タイ語(読み)たいご

日本大百科全書(ニッポニカ) 「タイ語」の意味・わかりやすい解説

タイ語
たいご

タイ国の国語・公用語をさし、使用人口は約4000万人である。ただし、標準タイ語を日常生活語に用いる範囲は面積・人口とも全土の3分の1ほどで、それ以外ではタイ語の大小方言や系統の異なるさまざまな少数民族語が用いられている。タイ語を広義にとると、タイ国のみならずラオス、ベトナム、中国南西部、ミャンマービルマ)およびインドのアッサム地方に分布するタイ系諸言語を包括する。

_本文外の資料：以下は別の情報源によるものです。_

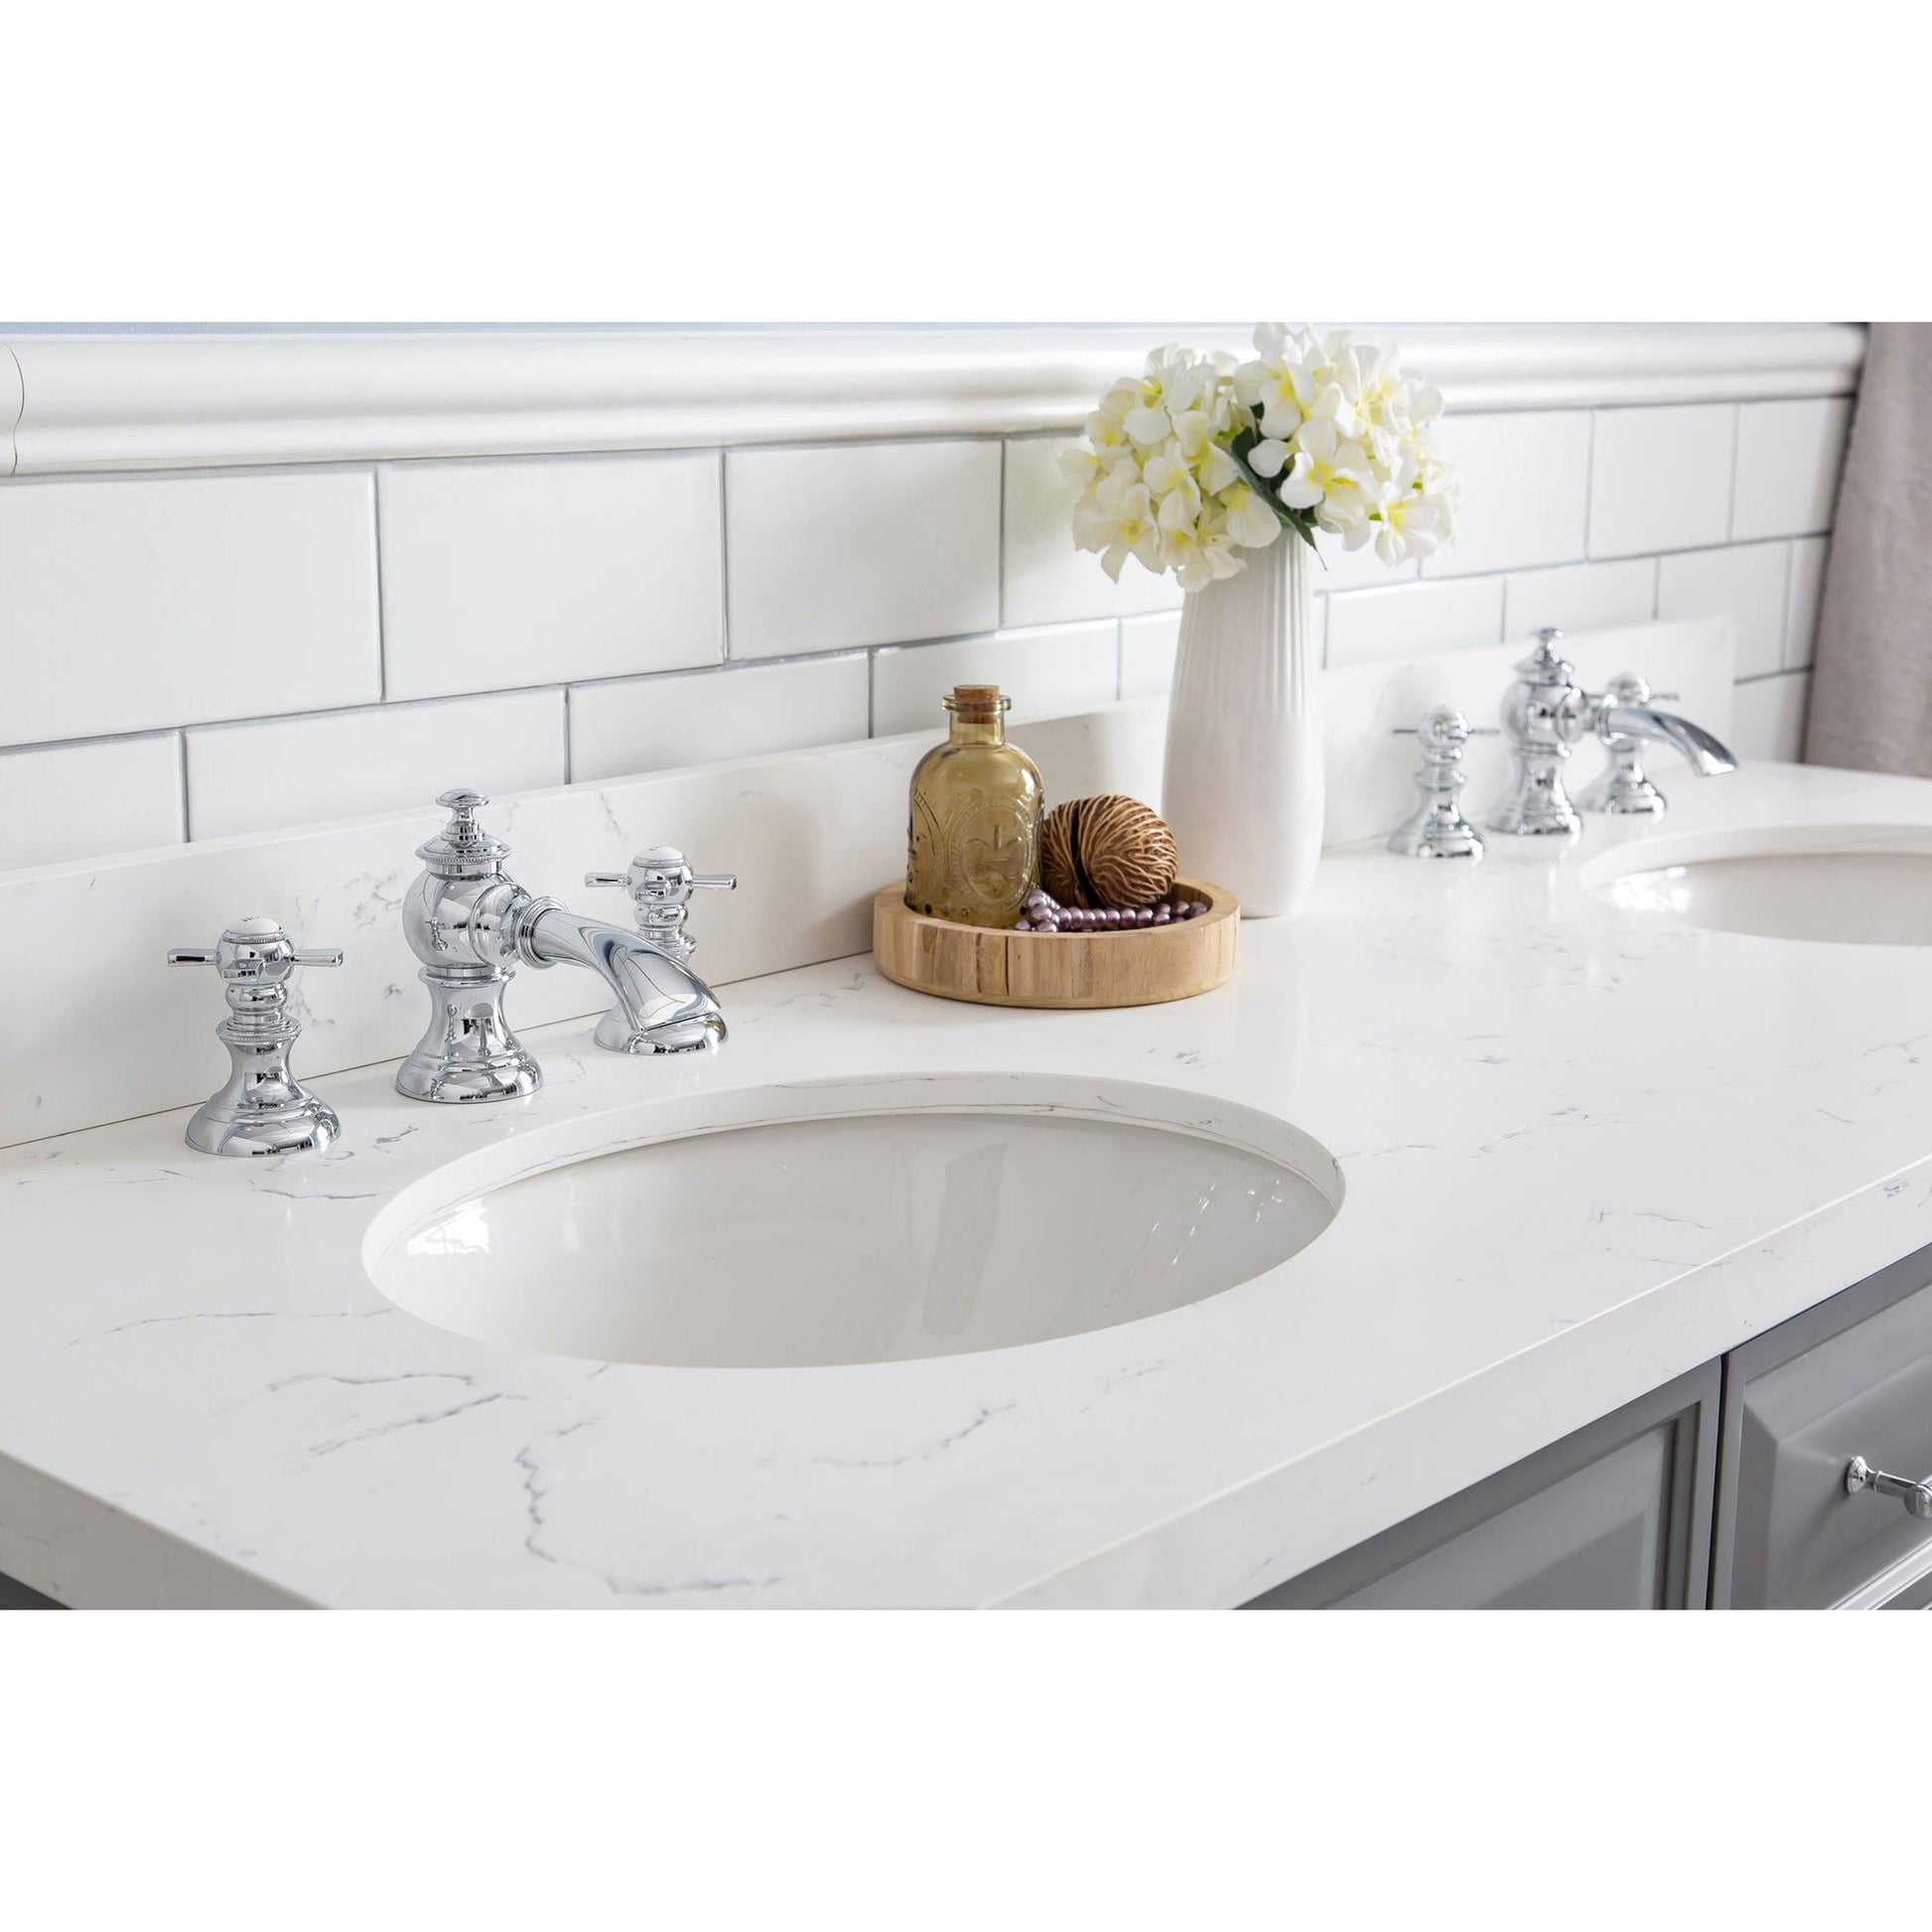 Water Creation Palace 60" Quartz Carrara Cashmere Grey Bathroom Vanity Set With Hardware And F2-0013 Faucets, Mirror in Chrome Finish

系統的にはシナ・チベット語族に入れるのが通説であるが、オーストロネシア語族に関係づける異説もある。

 タイ語の構造は、発音上は本来単音節の声調語であって、「母音だけのもの」「母音+子音」「子音+母音」および「子音+母音+子音」の型からなり、これに5種の声調(高低アクセント)が加わる。子音の数は21(音節末では9)、母音は9(ほかに二重母音3)ある。なお、借用語の影響による多音節語も少なくない。

 タイ語は固有の文字をもつが、13世紀末に南インド系の古カンボジア文字を模してつくられたものである。44(うち二字は廃字)の子音字と32の母音字と4個の声調符号があり、子音字を中心に適宜上下左右に母音字を組み合わせて音節をつくる。文字は左から右へ語の切れ目なしに横書きする。正書法と発音の間には多少のずれがある。数字はアラビア数字のほか固有のタイ数字が用いられる。

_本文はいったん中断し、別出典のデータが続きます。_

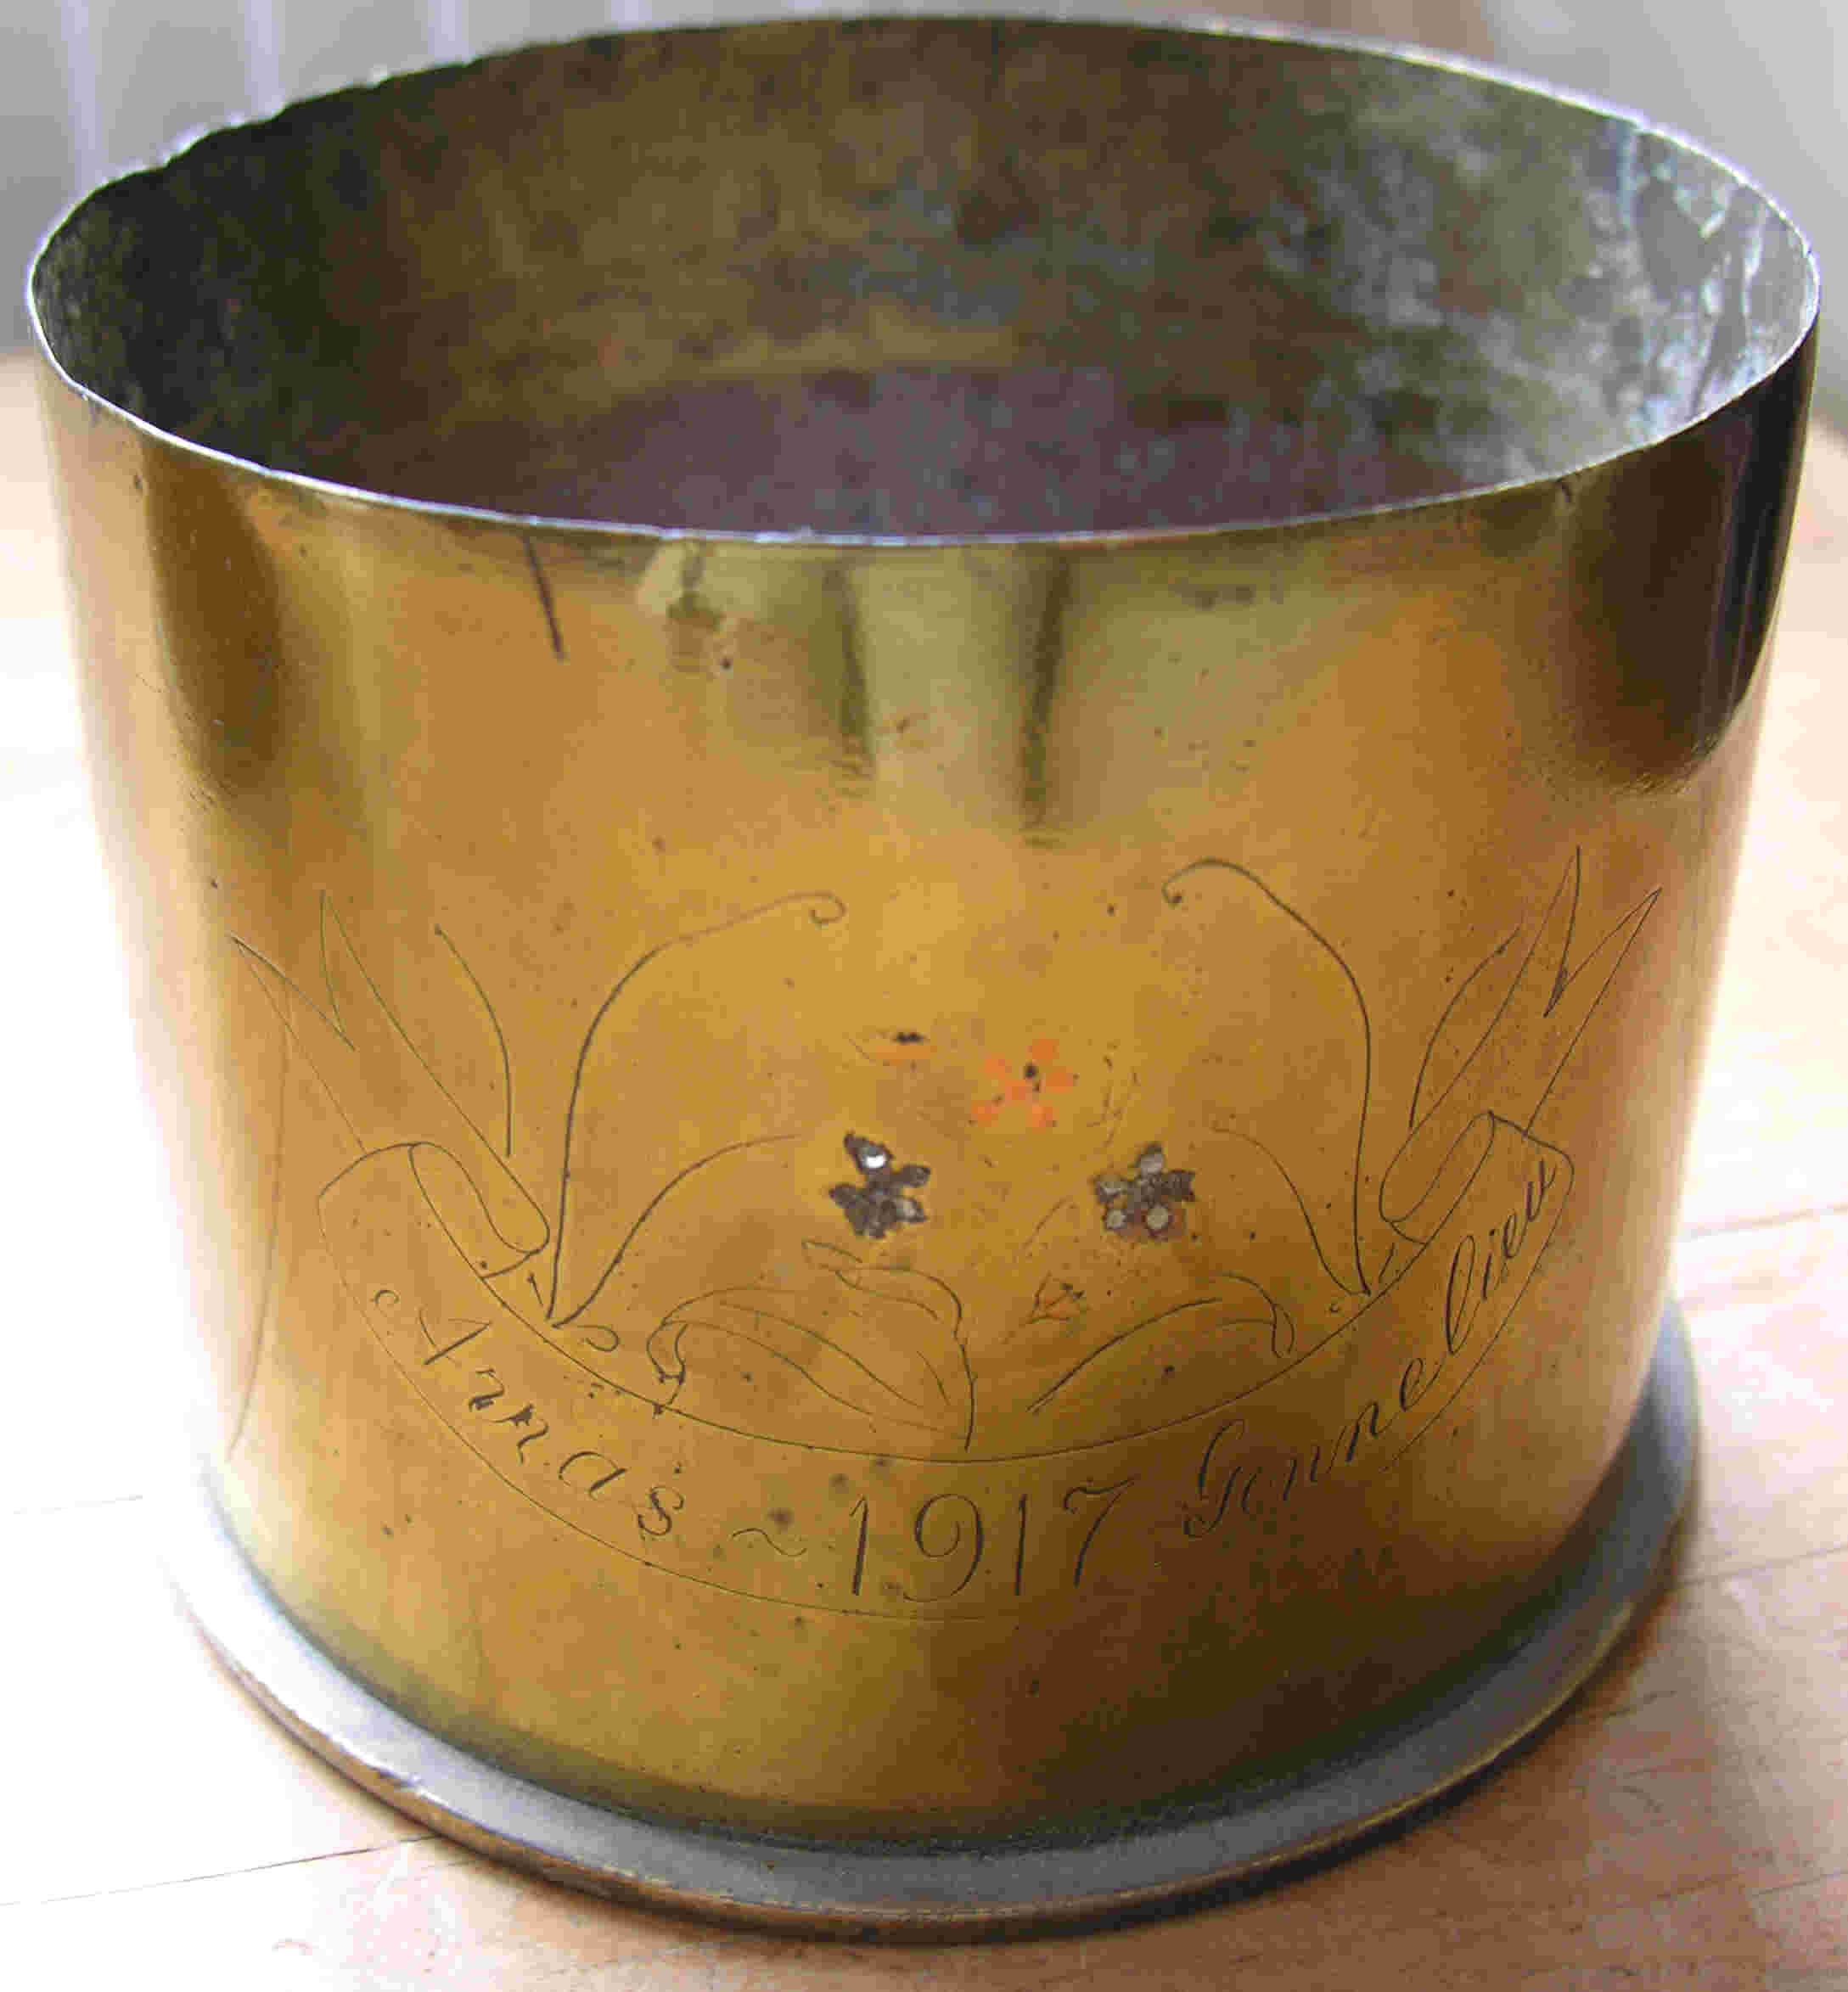 Decorated mortar shell case from the front during WW1 by Ronald George Woodland

 文法上は孤立語的構造を有し、名詞代名詞は語形変化することなく、動詞、形容詞も活用しない。助動詞助詞を使うこともあるが、基本的には語順が文法を決める。「主語+述語+目的語」および「被修飾語+修飾語」の順をとる。疑問文でも語順は変わらない。否定詞は否定される語の前につける。名詞を数えたり、さしたり、修飾する場合は類別詞助数詞)が必要である。その語順は「馬・三・匹」「馬・匹・此」および「馬・匹・白」となる。指示詞はコレ、ソレ、アレ、ドレの体系をもつ。

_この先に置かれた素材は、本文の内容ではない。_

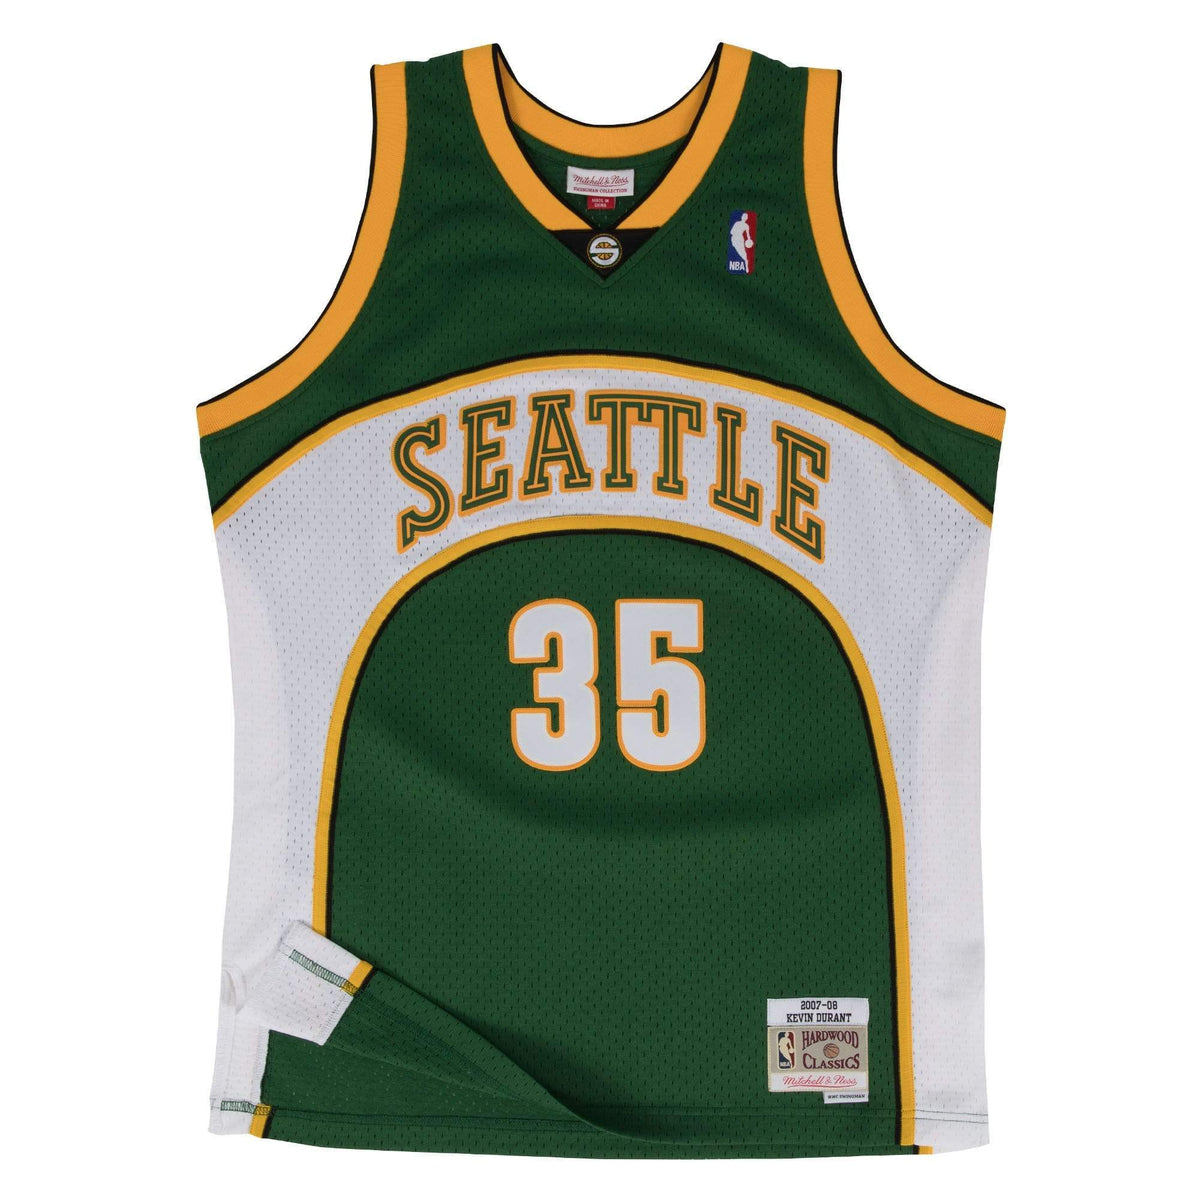 Custom College Basketball Jerseys Colorado State Rams Jersey Name and Number Green

 単語は約3分の2は借用語で、インドのサンスクリット、パーリの両語、カンボジア語、マレー語、中国語などで占められる。とりわけインド語の重要性は、日本語における漢語の役割と同じである。単語は分析的傾向があり、「涙」は〈目の水〉、「果物」は〈木の実〉のようにいう。親族名称は独特で、「祖父母」は〈父の父〉〈父の母〉〈母の父〉〈母の母〉の四語があり、一方「きょうだい」は〈兄・姉〉と〈弟・妹〉の二語で表す。敬譲表現が豊富で、人称代名詞は身分の上下、男女の使い分けがある。畳語(語の繰り返し)が多いのもこの言語の特色の一つである。

[松山 納]

出典 小学館 日本大百科全書(ニッポニカ)日本大百科全書(ニッポニカ)について 情報 | 凡例

ブリタニカ国際大百科事典 小項目事典 「タイ語」の意味・わかりやすい解説

タイ語
タイご
Thai language

タイの国語。タイ語の名称は,広義にはインドシナ半島に広く分布するタイ系の諸言語をさすので,狭義のほうはシャム語ともいう。ローマ字表記では,広義のほうを Tai,狭義のほうを Thaiと書き分けることもある。狭義のタイ語は首都バンコクを中心に話されている中部方言が標準語とされ,ほかに北東方言,北部方言,南部方言がある。文字は 13世紀につくられたスコータイ文字に基づくルアンプラバーン文字を使用。文献も 13世紀から。単音節語を主とするが,多音節語も多い。孤立語に分類されるが,古くは接辞の使用が盛んだったとみられるし,現在でも独立することのない助辞が用いられている。語順は,主語-動詞-目的語,被修飾語-修飾語が普通。語彙にはサンスクリット語,パーリ語,さらにはカンボジア語からの借用語が多い。人称代名詞を中心として敬語体系が発達している。5種 (解釈により6種) の声調がある。話し手は約 3000万人。